Interdisciplinary research on philosophy and literature has a long and distinguished tradition in Germany, where it dates back to the work of early Romantics (especially Friedrich and August Wilhelm Schlegel). Another important European tradition that saw literature and philosophy as mutually illuminating discourses is French existentialism. Both of these schools of thought are receiving a lot of attention today, and both of them are relevant for my work. In the Anglophone world, one of the most influential thinkers whose work bridges the gap between philosophy and literature and who has been another major inspiration for me is Martha Nussbaum. I think that today both philosophers and literary humanists are facing similar challenges caused by the rise of AI and various posthumanist ideologies. Therefore, a closer cooperation between these fields in the future seems inevitable.
Speaking specifically about Tolstoy scholarship, the current trend is to look at him from a more global perspective as a moralist and social-religious reformer who was equally opposed to the organic nationalism of the Slavophiles and other belated Romantics and to the imperialist trajectories of contemporary Western powers. Starting with his critique of the dogmatic Orthodox theology in the 1880s, late Tolstoy produced a series of writings that offered an alternative vision of enlightened modernity – a vision that was suppressed by the Bolsheviks when they seized power in 1917. Only in the last couple of decades, Tolstoy’s sociopolitical ideas and their place in his oeuvre have become the subject of systematic studies by Russian and Western scholars. I think this trend will continue.
Since the beginning of Russia’s war on Ukraine, Russian studies in the West have been undergoing a crisis. There is a lot of pressure to reevaluate the canonical figures and to “decolonize” the literature of the former Russian Empire by shifting scholarly attention from the center to the peripheries.
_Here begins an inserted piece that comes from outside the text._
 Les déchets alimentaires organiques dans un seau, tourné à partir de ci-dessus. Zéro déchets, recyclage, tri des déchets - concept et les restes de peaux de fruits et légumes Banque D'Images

Such a reevaluation should not be done in haste.
Among Russian classics, Tolstoy, in particular, is a very complex and multifarious author whose Weltanschauung evolved over the course of his career. And while some contemporary readers may be troubled by the glorification of the Russian national character in works like the Sebastopol Sketches and War and Peace, one can hardly find a more powerful indictment of Russian imperialism and colonialism than Hadji Murat. But ultimately, I think that Tolstoy is a figure who transcends his immediate historical background, one whose works and ideas will be relevant long after Russia ceases to exist in its present political shape.
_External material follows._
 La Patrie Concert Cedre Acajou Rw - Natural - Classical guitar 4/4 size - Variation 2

How is life after IAS CEU Budapest (if we may ask)?
My stay in Budapest, a beautiful and culturally vibrant city, and especially the numerous discussions I had there with other fellows gave me a new boost of energy and inspiration to continue my work on Tolstoy’s Enlightenment. Since my return to Bonn, I have been working on a new chapter focused on Tolstoy’s expressive theory of art as presented in What is Art. I hope to complete this chapter over the summer and finish the full draft of my manuscript by the end of next academic year.
If there were one book or film, you could recommend to the reader, what would be that and why?
Although there are many wonderful literary works that I regularly reread and teach, it would be logical for me to recommend a work by Tolstoy. If one were to choose a single work, one can not go wrong with choosing Anna Karenina - a book that presents not merely an encyclopedia of nineteenth-century Russian life but an encyclopedia of human experience tout court. Passion and motherly love, ambition and perpetual dissatisfaction with oneself, egoism and a quest for moral perfection, the joy of existence and the mystery of death – by recognizing something of ourselves in all of Tolstoy’s characters and co-experiencing their moral and spiritual struggles, we grow more self-aware and, hopefully, a tad more humane.